El 24 març 2025, a les 15:14, Tapani Tarvainen via Gnso-latin-diacritics <gnso-latin-diacritics@icann.org> va escriure:
Dear all,
In preparation for our next call, I wrote down a few issues I'd like to clarify about our scope:
(1) We use the term "diacritics" differently than linguists do. If I understand correctly, we're including all non-ASCII characters that various Latin-based alphabets use, such as æ, ŋ, ß, ð, þ etc.
(2) The base ASCII gTLD version of a diacritic is for us by definition a single ASCII letter with the sole exception of German ß. Other cases where the conventional ASCII conversion is two or more letters are not treated similarly (as per RZ-LGR). Presumably we could, however, take the existence of such as a factor in our recommendations.

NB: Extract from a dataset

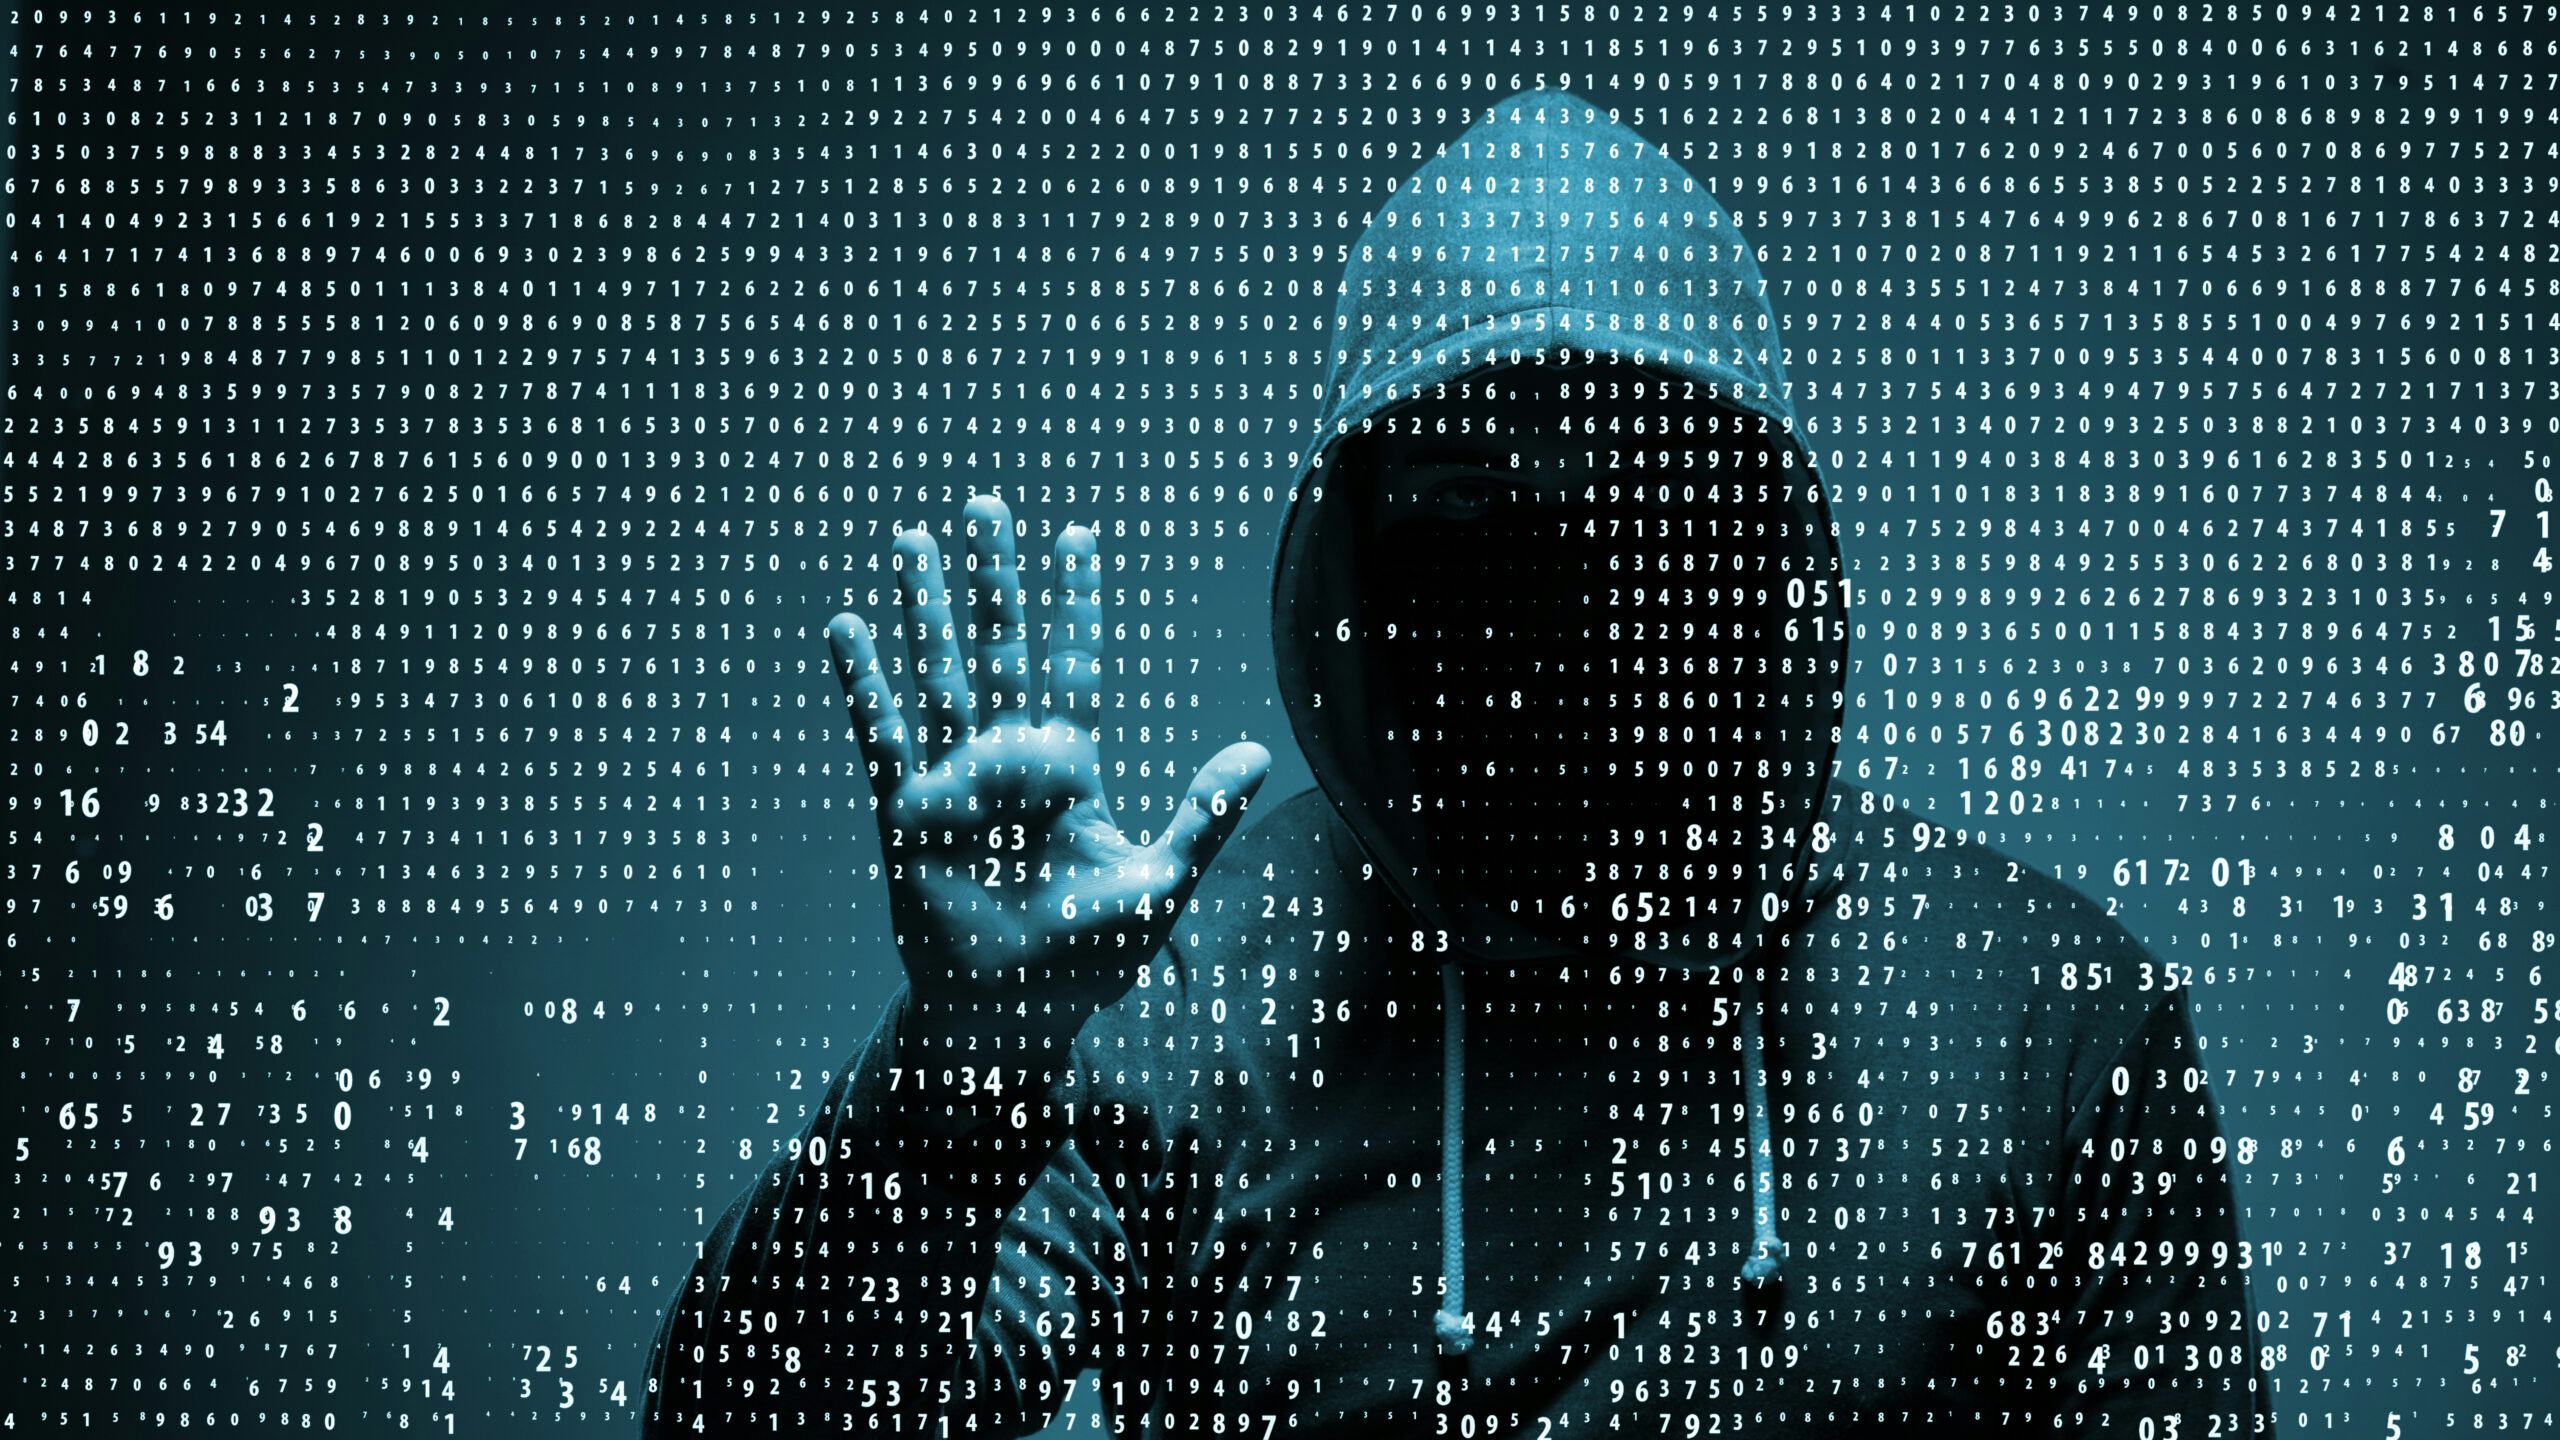 Afbeelding ter illustratie van cybercrime. Foto: Shutterstock

E.g., to pick an example from Finnish, consider ".šakki" vs ".sakki", should the existence of ".shakki" matter? (Both "šakki" and "sakki" are Finnish words with completely unrelated meanings, while "shakki" is an alternative spelling of "šakki" - not a computer-era fallback, but actually older and still more common spelling even though deprecated by modern ortography.)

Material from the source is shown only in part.